Después de casi dos décadas de intentos fallidos, los investigadores de la Medicina de la Universidad de Chicago y el Centro Médico del Hospital de Niños de Cincinnati han creado el primer modelo de ratón para la forma más común de leucemia infantil. Su descubrimiento, publicado el 14 de noviembre de 2016, cuestión de célula cancerosa , podría acelerar el desarrollo y las pruebas de nuevas terapias farmacológicas.
La leucemia linfoblástica aguda LLA Pro-B con la translocación 4; 11 es responsable de aproximadamente el 70 por ciento de las leucemias linfoblásticas agudas en lactantes y adultos. El nuevo modelo de ratón replica la falla genética humana que causaesta enfermedad, por lo que es mucho más fácil de estudiar.
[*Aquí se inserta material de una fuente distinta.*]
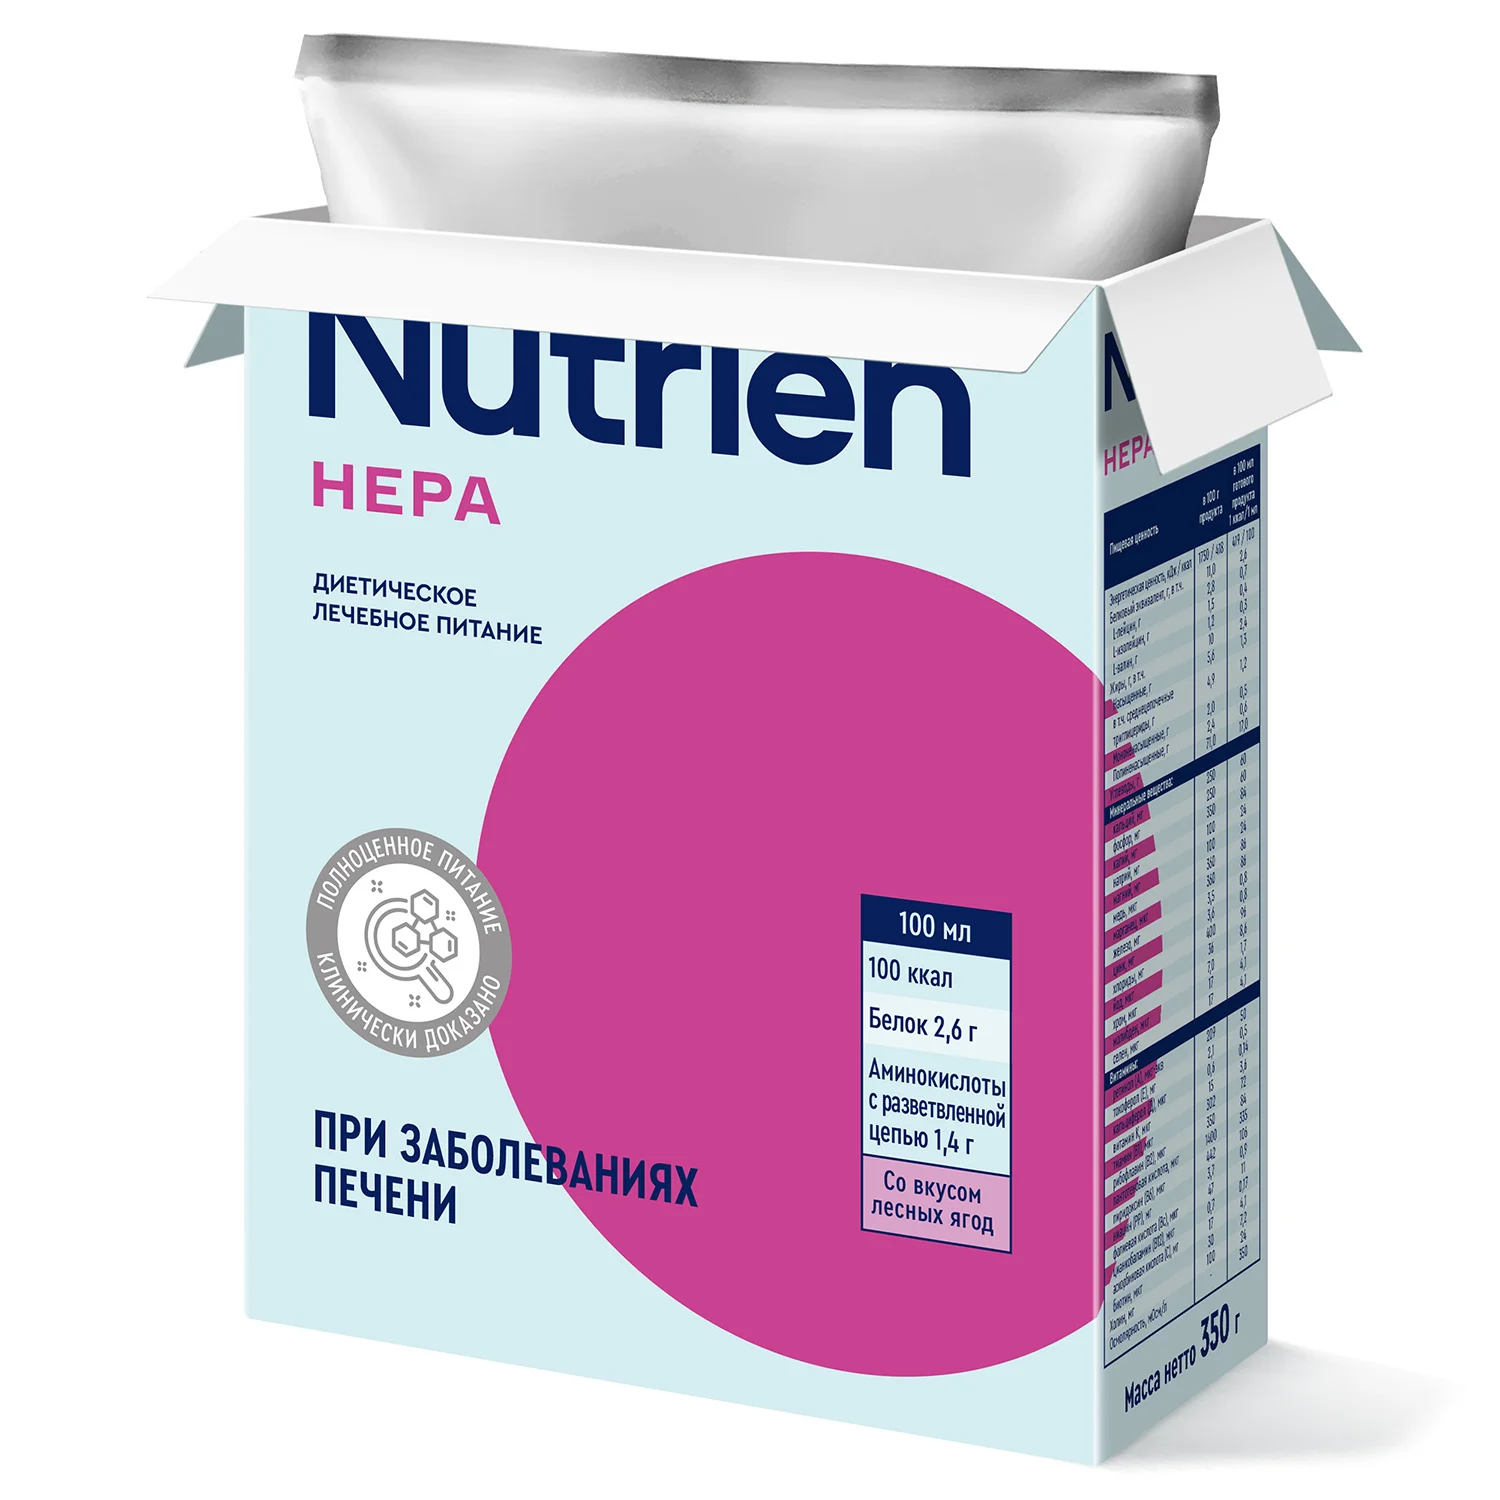 Nutrien Hepa - 4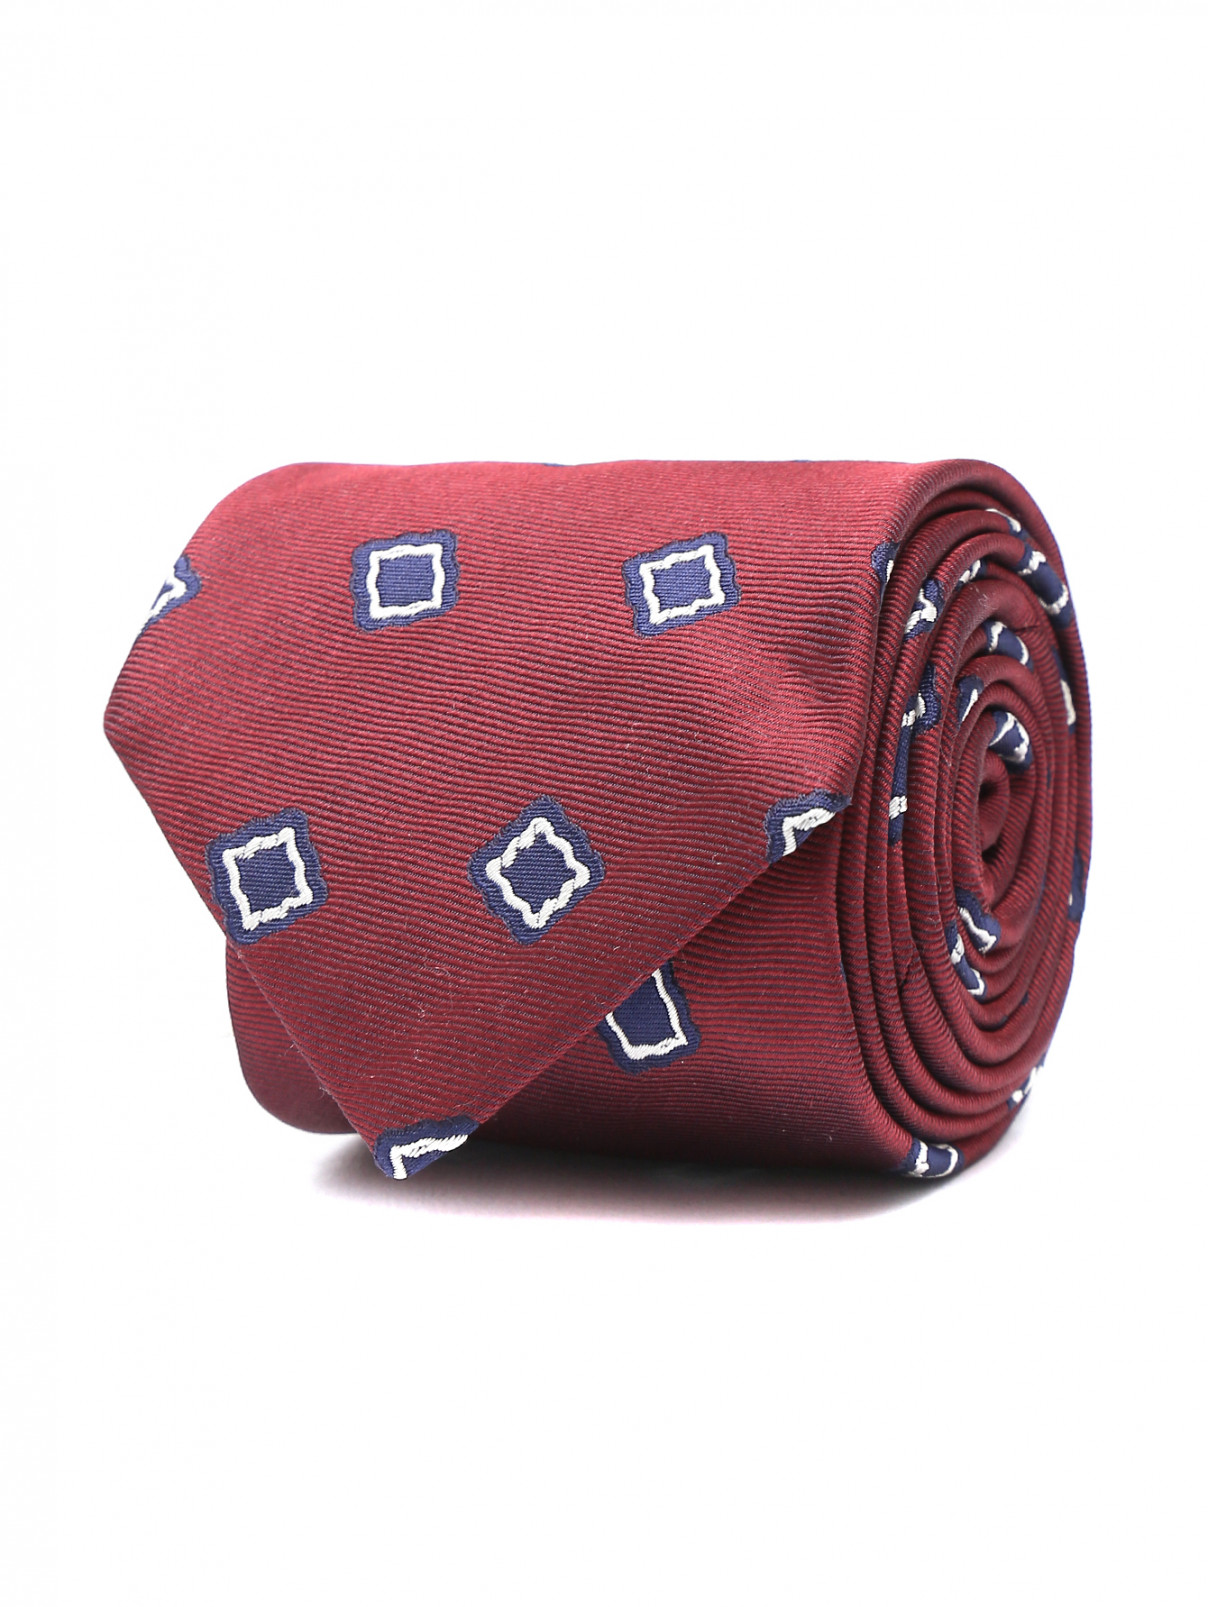 Галстук из шелка с узором ROSI Collection  –  Общий вид  – Цвет:  Красный

Este subtipo de leucemia es el resultado de una fusión genética t 4; 11, conocida como translocación. Combina partes de dos genes separados. Uno de esos genes, MLL abreviatura de leucemia de linaje mixto, proviene del cromosoma 11El otro fragmento, AF4 abreviatura del gen fusionado con ALL del cromosoma 4. El gen híbrido MLL-AF4 produce leucemia.
Los niños y adultos con esta enfermedad producen un gran número de células sanguíneas disfuncionales, que eventualmente desplazan a las células funcionales. La leucemia MLL-AF4 tiene un pronóstico sombrío, entre los peores de cualquier subconjunto de leucemia aguda.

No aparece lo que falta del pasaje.